Please retype the data in full and exactly; the pictures are not part of the copy.

SUPPLIED INFORMATION:

'''

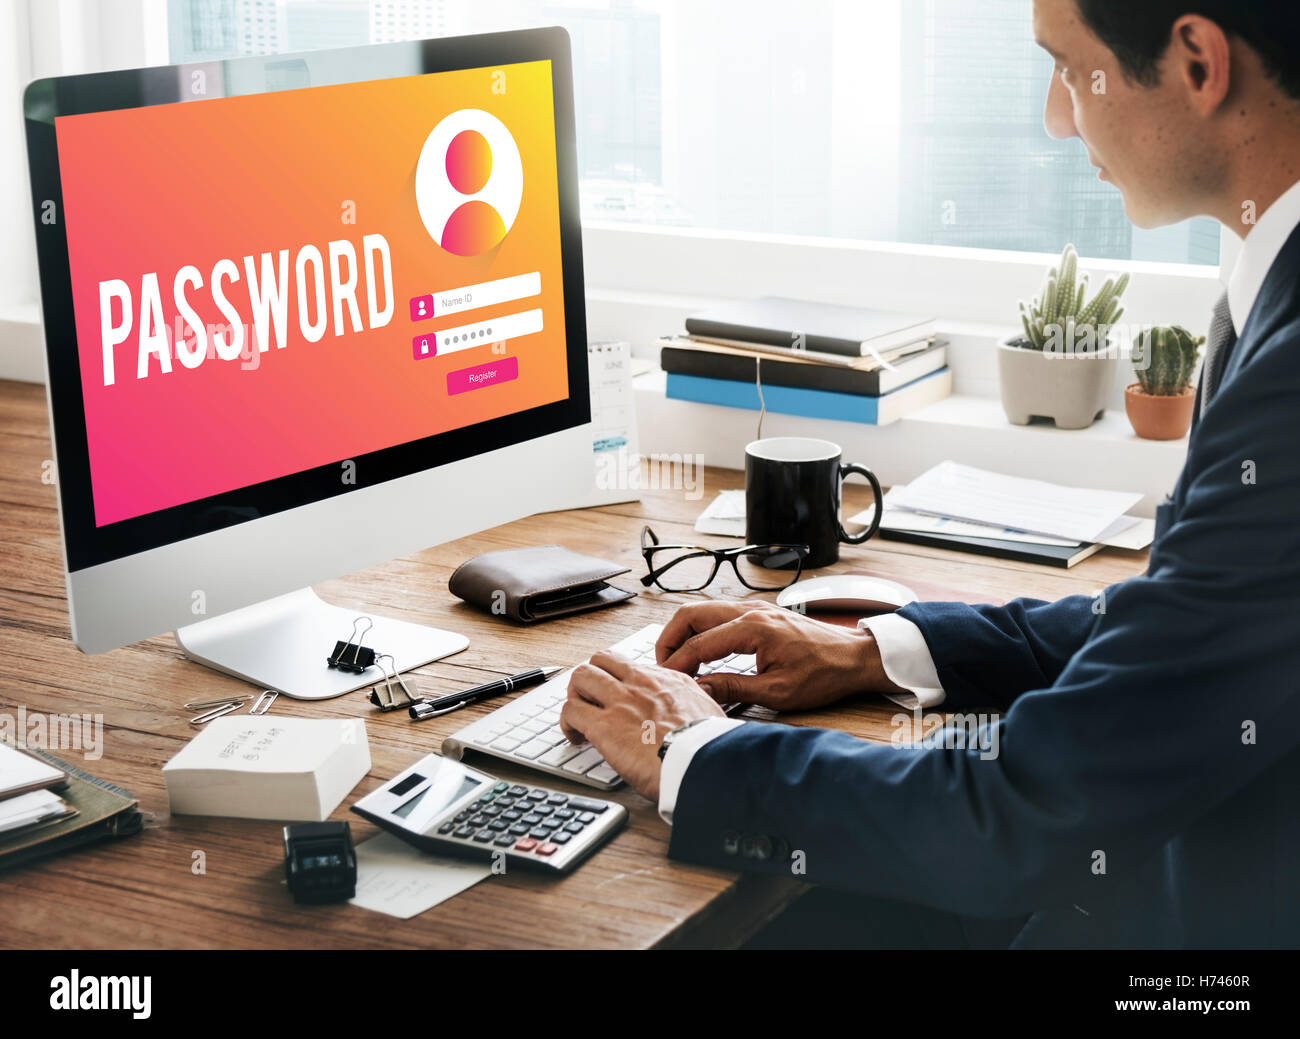 Password Sign In User Privacy Concept Stock Photo
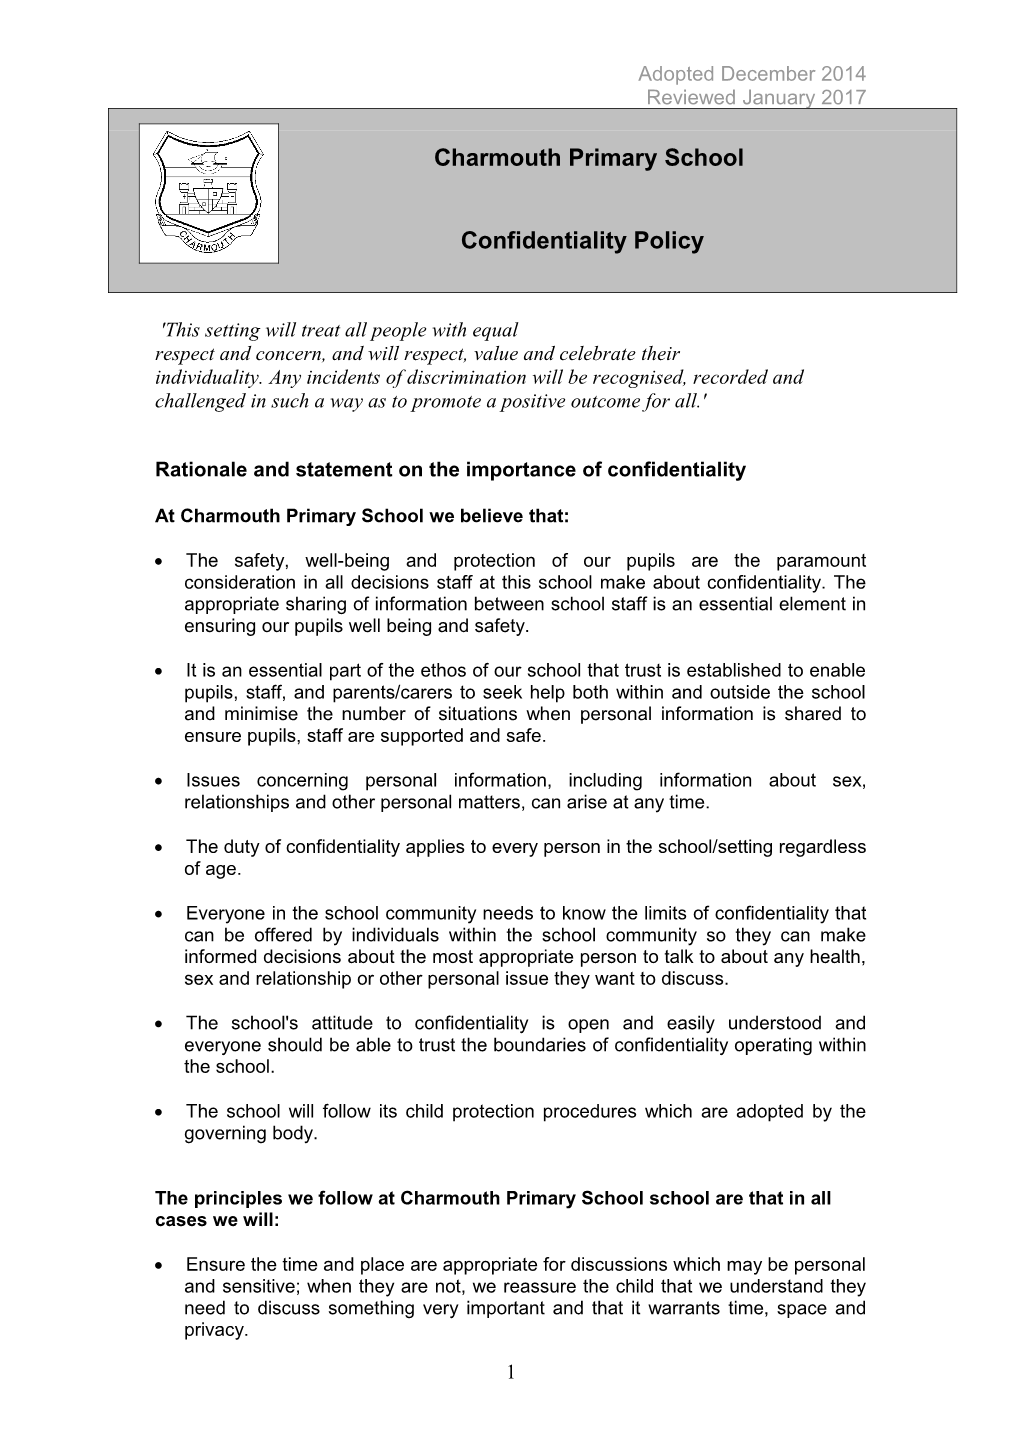 Rationale and Statement on the Importance of Confidentiality
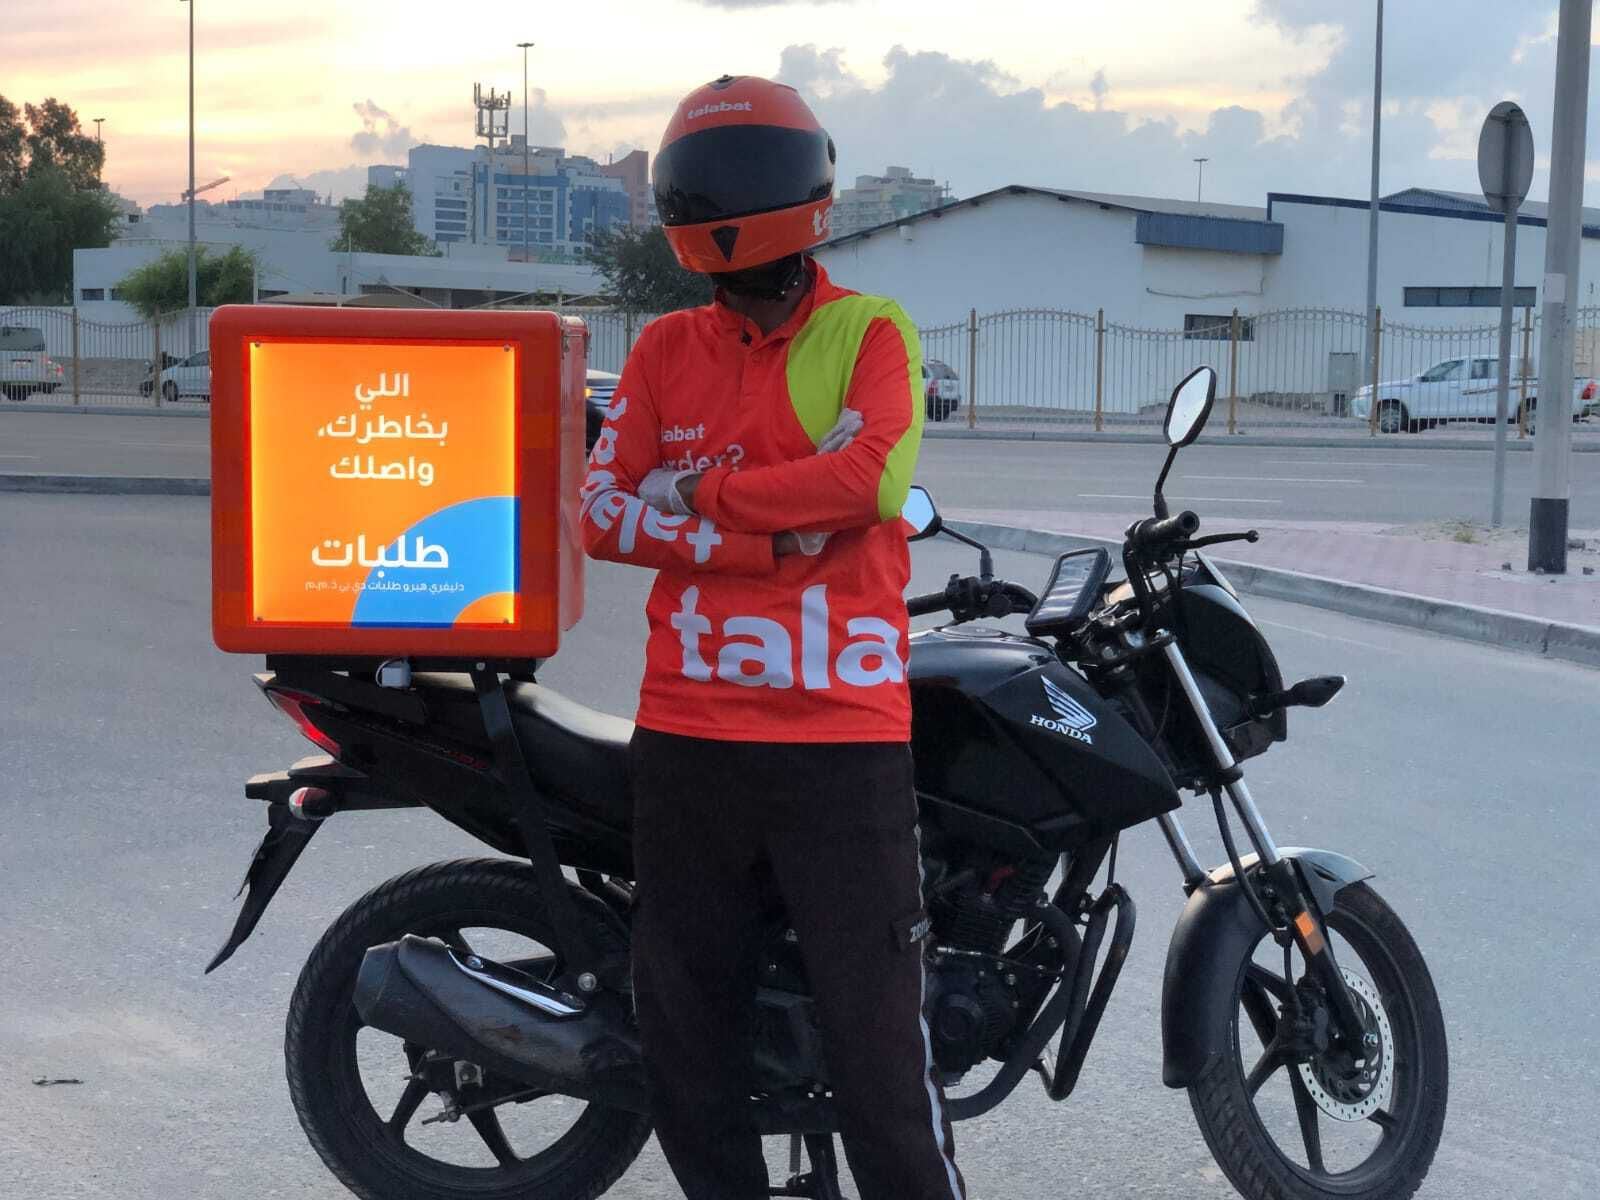 Food delivery service Talabat to expand UAE operations

'''

SOLUTION FOR THIS EXERCISE:
 Password Sign In User Privacy Concept Stock Photo
 Rationale and Statement on the Importance of Confidentiality
 Food delivery service Talabat to expand UAE operations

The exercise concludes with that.